RAHUL SAGAR is Associate Professor at Yale-NUS College and the Lee Kuan Yew School of Public Policy. Previously he was Assistant Professor of Politics at Princeton University. He is the author of Secrets and Leaks, published by Princeton University Press.
What is the first thing that comes to one’s mind when one thinks of Indian foreign policy? Chances are one’s train of thought will likely start with Nehru’s policy of non-alignment, and after several winding detours, shudder to a halt close to the current moment. Or, and this is equally likely, the question might trigger a trip down memory lane, all the way to Kautilya’s Arthashastra. But what happened in the centuries preceding independence? And how does one reconcile the ruthlessness of the Mauryan worldview with the pragmatism of non-alignment and strategic autonomy?
It is this question that academic Rahul Sagar chooses to tackle in To Raise A Fallen People, and this interesting premise is what led me to pick this book. Sagar’s central conjecture is this: that when you ask why a particular contemporary foreign policy decision was thought to be a good idea, ‘the trail of answers is likely to lead to an idea originating in 19th century India’.
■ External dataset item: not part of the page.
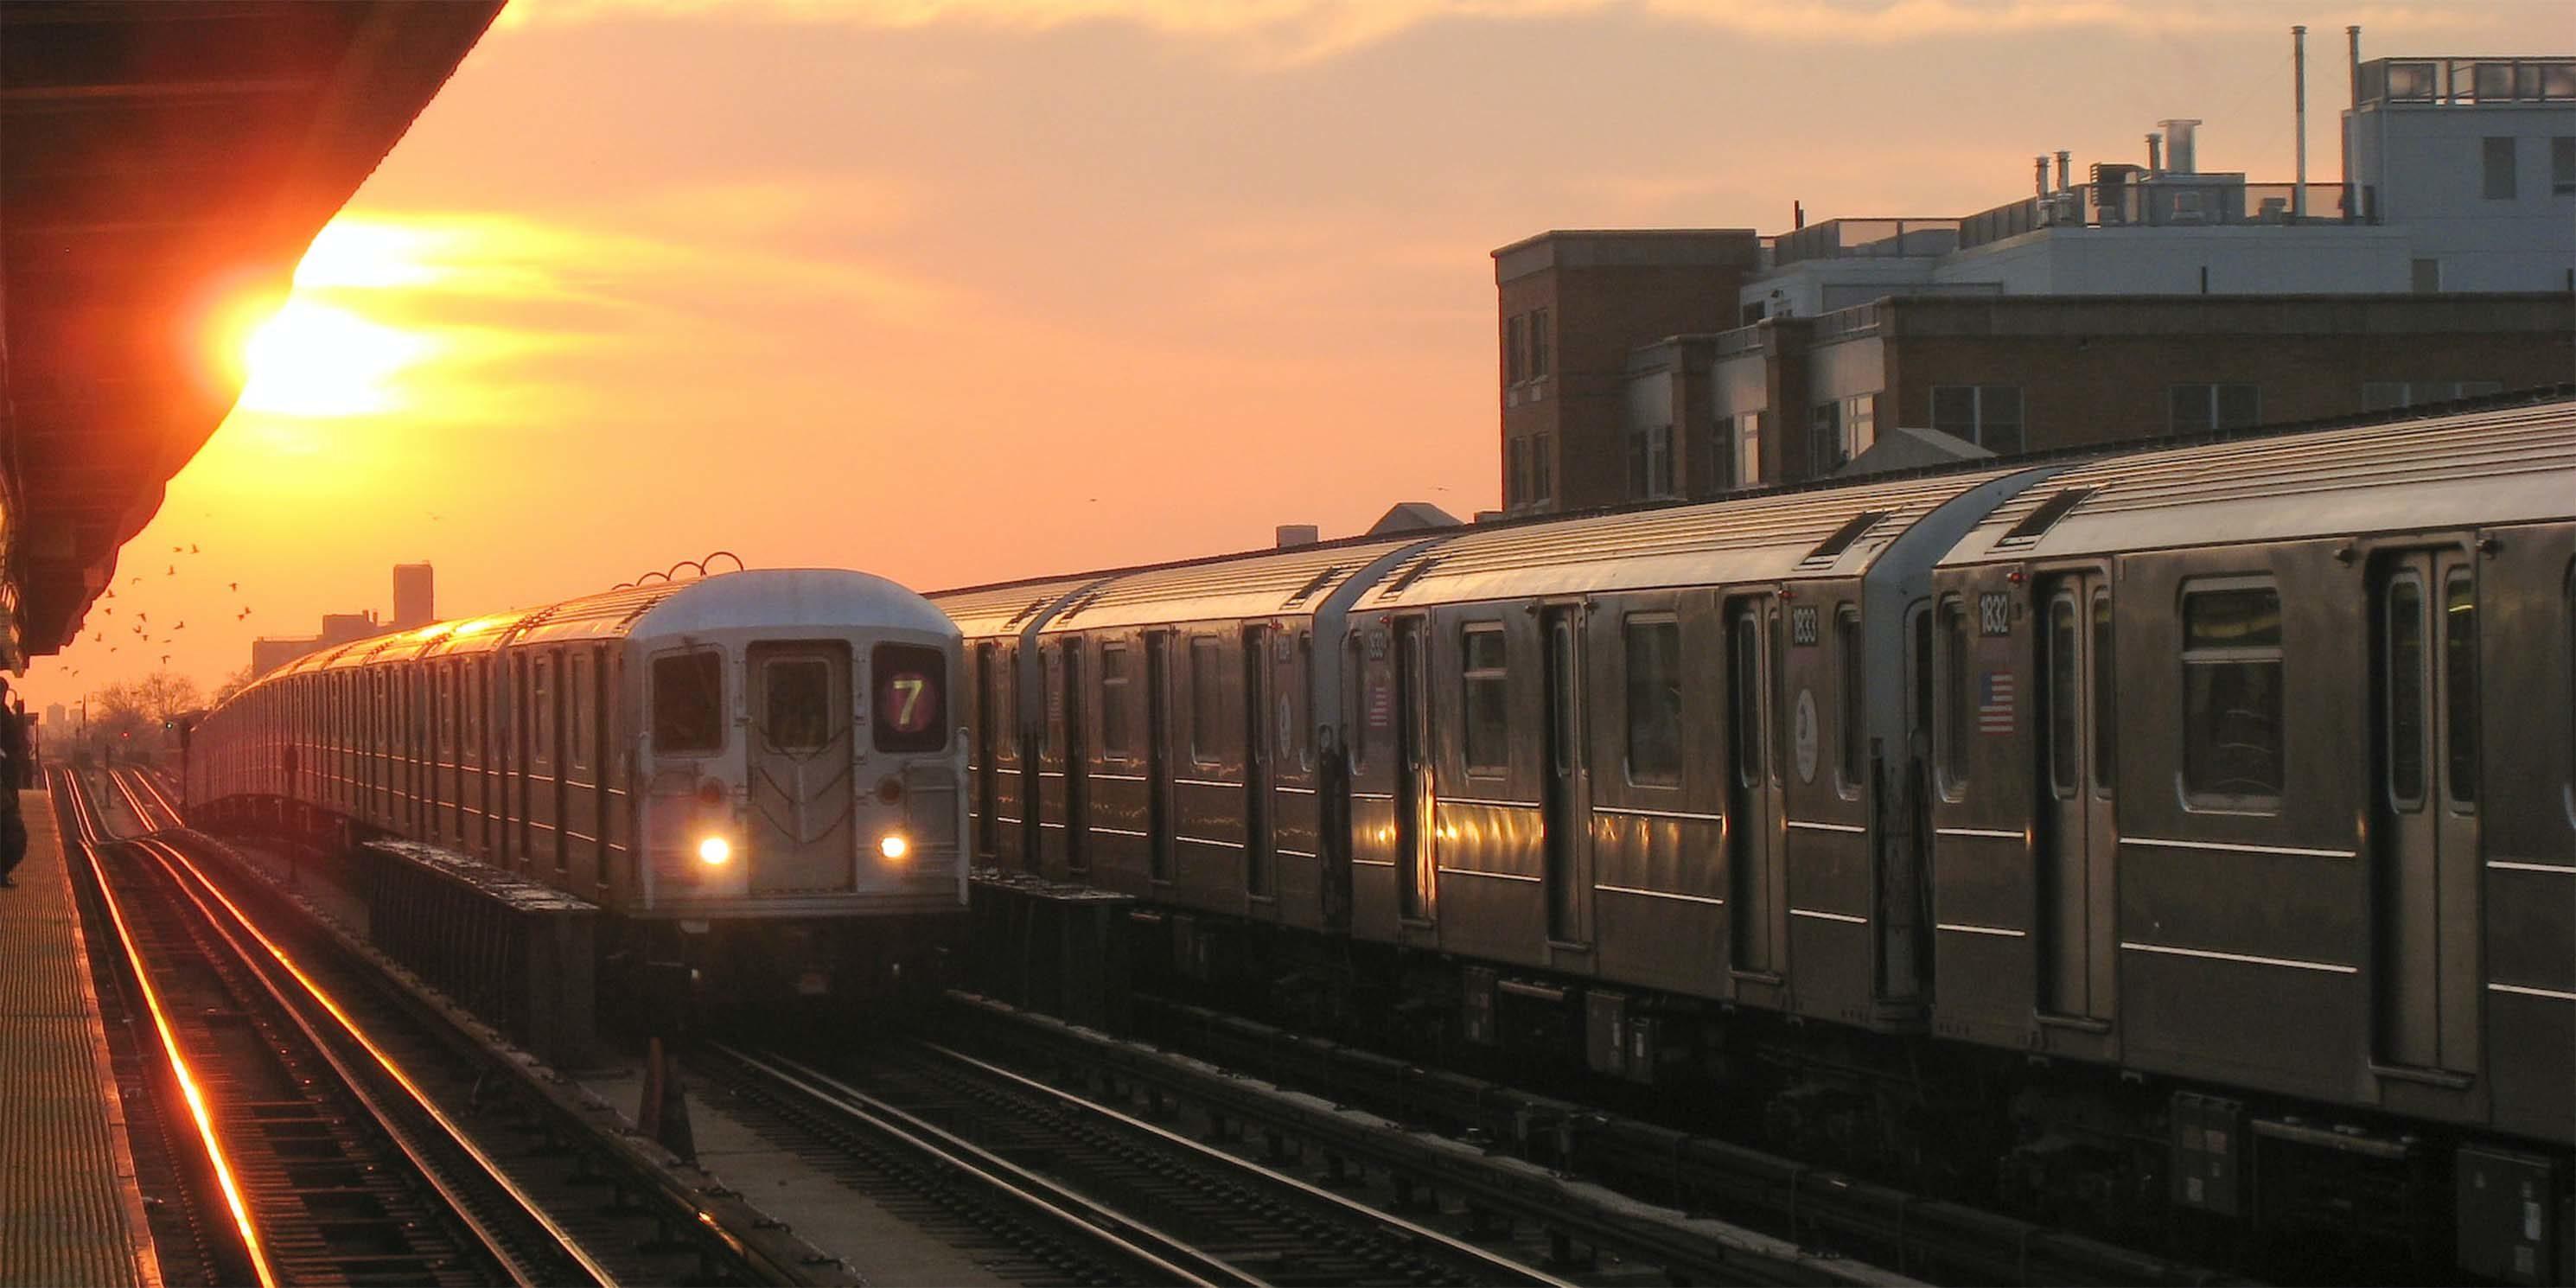 7 subway train in Sunnyside, Queens at sunrise
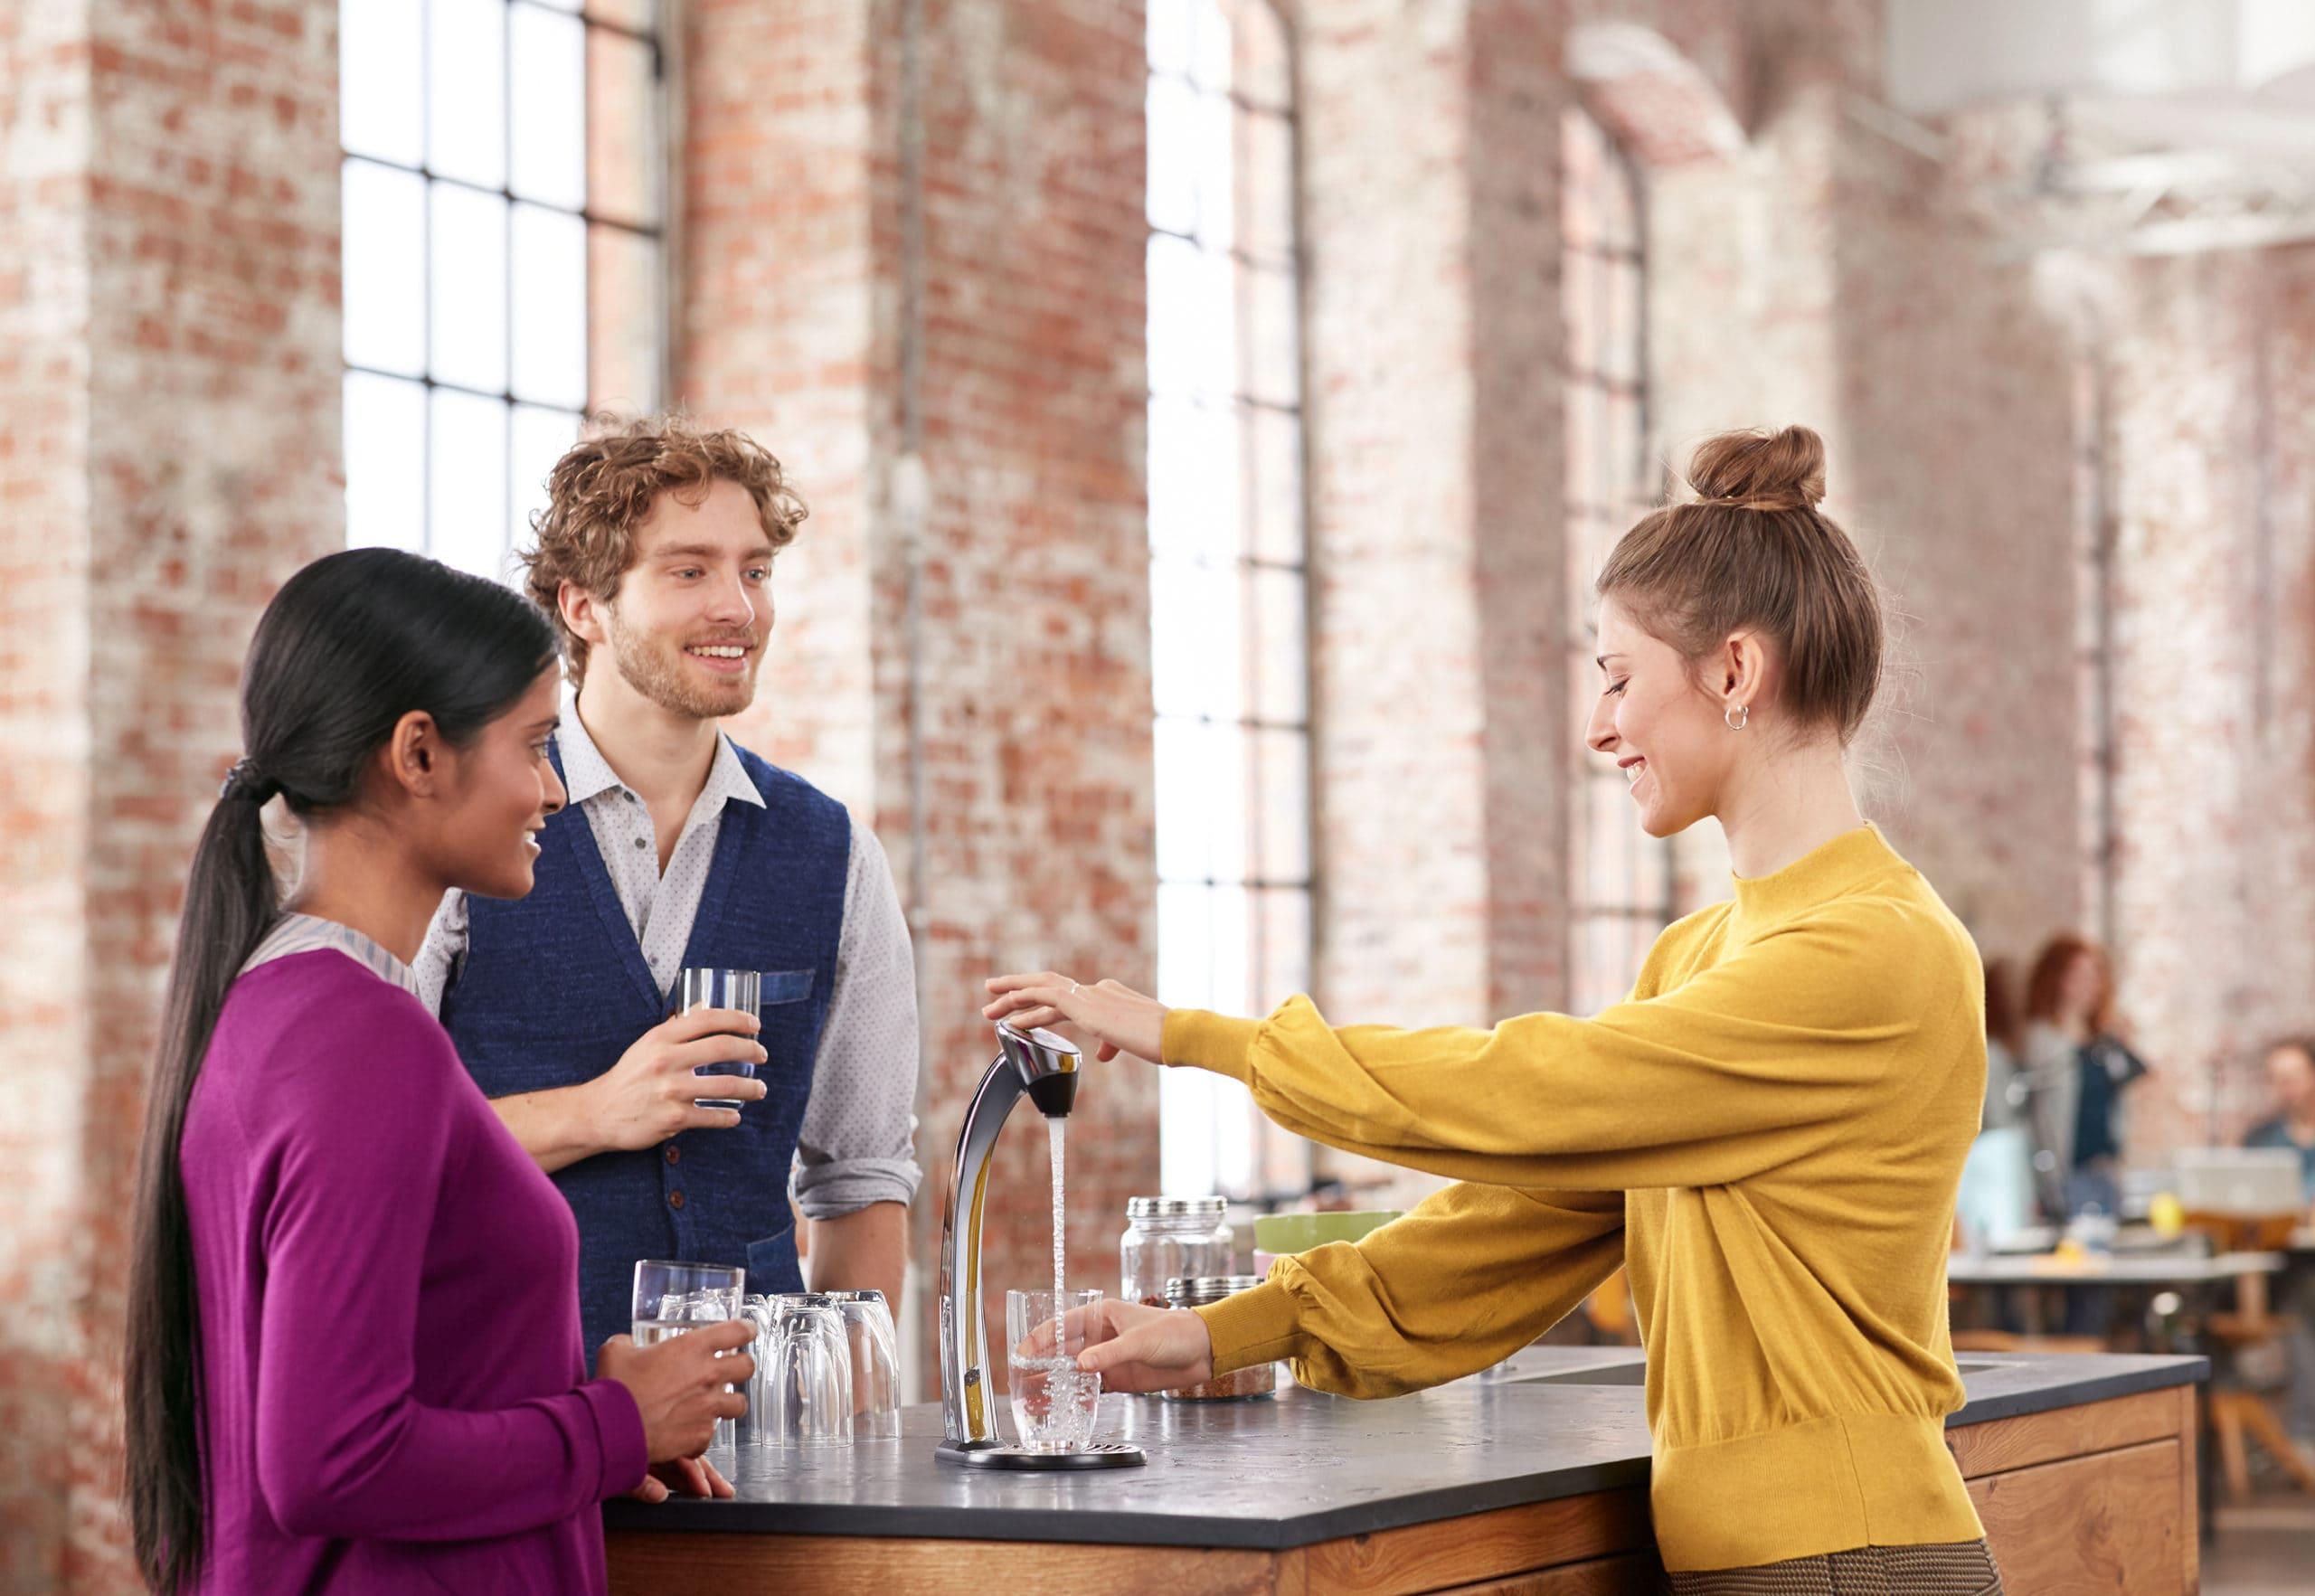 Рекомендации для клиентов и партнеров по работе с оборудованием

However, it’s not an easy trail to follow. With official records on ‘grand strategy’ out of bounds on account of them being classified, Sagar had to trawl through periodicals of 19th century India, a task made all the more difficult by ‘wide dispersal of these periodicals’.
Moreover, the nineteenth century was a momentous time. It was the ‘Age of the Page’ when far-flung people began to see themselves as part of one political entity, sparking ‘broader national conversations on international politics’. As a result, Sagar had to pore through hundreds of articles to draw out the key debates that animated the discourse then.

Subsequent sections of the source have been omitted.